The African American voters at the heart of Doug Jones' Alabama victory

Doug Jones supporters celebrate at his election party.
Doug Jones supporters celebrate at his election party. Photograph: Marvin Gentry/Reuters

Doug Jones’s shock victory in Alabama relied heavily on a key component of the Democratic coalition: African American voters.

Black voters have long been the linchpin of the Democratic base. But African American turnout has sagged recently in non-presidential elections. Jones was able to reverse that trend on Tuesday. In a state where African Americans make up 26% of the population, they made up 29% of the electorate, according to exit polls, and backed Jones by a margin of 96% to 4%.

On Wednesday, African American voters saw the result as a small step forward in interviews with the Guardian outside a Montgomery supermarket. They viewed the result not in light of Alabama’s troubled racial history but simply as a win for a candidate they supported in Jones.

Alisha Coleman of Montgomery praised the victorious Democrat as “an honest man” who will “make a change”. Betty Carter put the race in a broader perspective because of the possibility opened up by the Alabama result of Democrats taking a majority in the Senate next year. She added: “It made the national news, affected the stock market and I think it will be maybe somewhat of a turnaround for Alabama, for as far as politics and as far as racism.”

Early life

The 63-year-old grew up in the working-class city of Fairfield, just west of Birmingham, an area once dominated by the steel industry. His father was a steelworker and he spent time working in a mill when not in school

Democratic roots and the KKK

Jones got his start in government as an aide to the last Democrat to serve a full term in the Senate from Alabama, the late Howell Heflin.

Years before running for the Senate himself, Jones became known for prosecuting two KKK members for the bombing of Birmingham's 16th Street Baptist church in 1963 which killed four black girls.

After his appointment as US attorney in Birmingham in 1997, Jones led a team of federal and state attorneys during trials that resulted in the convictions of Thomas Blanton Jr in 2001 and Bobby Frank Cherry in 2002.

Michael Blake, the vice-chair of the DNC and a New York state assemblyman, saw the results as part of an important historical moment for African American voters. “We’ve had, in the past five weeks, two black lieutenant governors [in New Jersey and Virginia], a black female mayor in Charlotte, a black female mayor in Atlanta, and a win for Doug Jones, who prosecuted Klansmen. How can you not feel validated?”

Blake also saw broader ramifications from the increase in turnout and the DNC’s efforts organizing on the ground. “You had black turnout essentially reach and exceed where it was in 2008,” he noted. “It shows that we can and will win everywhere.” He also noted that increase in turnout was achieved despite Alabama’s restrictive voting laws.
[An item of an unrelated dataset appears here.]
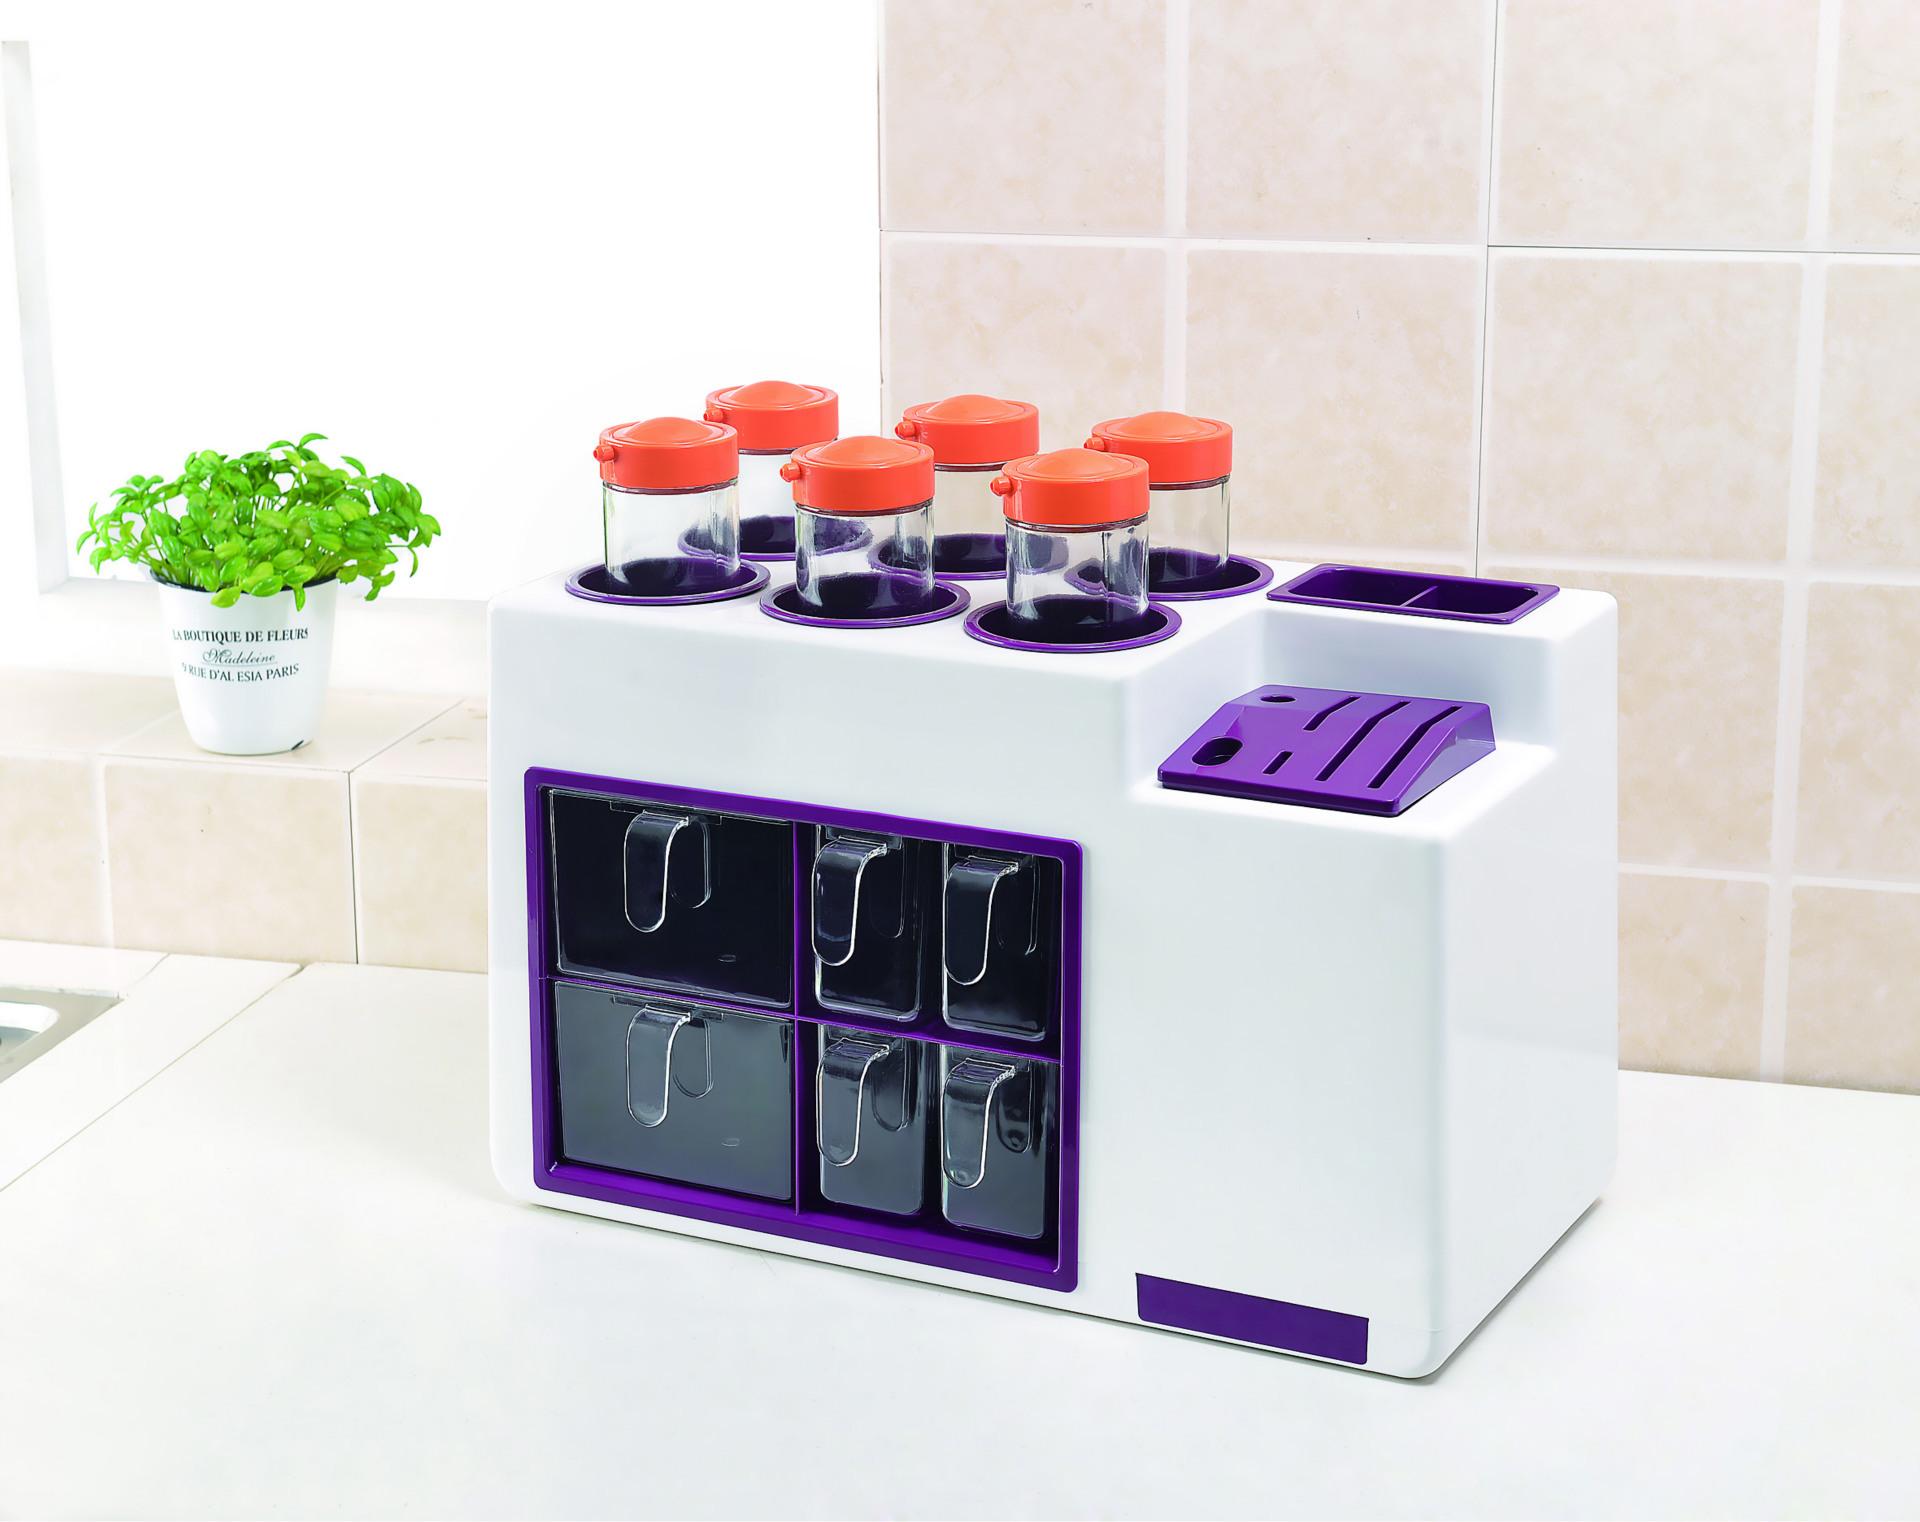 厨房置物架 多功能调料品厨房收纳 刀架调料架塑料厂家直销

Attempts to reach out to black voters were crucial to Jones’s campaign. In the final days he brought in prominent African American surrogates including Senator Cory Booker of New Jersey and the former governor Deval Patrick of Massachusetts and held events in cities with significant African American populations such as Birmingham, Montgomery and Selma. Black areas were filled with signs proclaiming “vote or die” and the Jones campaign emphasized his role successfully prosecuting two members of Ku Klux Klan involved in the 16th Street church bombing in Birmingham, which killed four African American girls in 1963.

Graphic
Graphic

The result was that turnout surged in predominantly African American counties in the black belt and in urban areas with large African American populations. In Greene County, Alabama, which is 80% percent black, turnout reached 78% of 2016 levels. In contrast, in white rural areas, turnout was just over half of that reached in 2016, when Hillary Clinton lost the state in a landslide. In other counties, Jones received more votes than Clinton did in 2016, including in Moore’s home county of Etowah.

Jones also benefited from the fact that Moore, who had a history of controversial comments on civil rights, including the statement that the US was last great during the era of slavery, repelled African American voters.

At a polling place in Montgomery on Tuesday, African American voters couldn’t even summon words to describe their contempt for Moore. “No comment,” said Sequoia Smith of Montgomery before breaking into knowing laughter and walking away when asked about Moore.

The question remains what effect Jones’s election will have on a state that ranks near the bottom in almost every economic indicator and has been beset by political scandal in recent years.

Sarah Smith of Montgomery said simply on Wednesday: “I hope it makes things better.”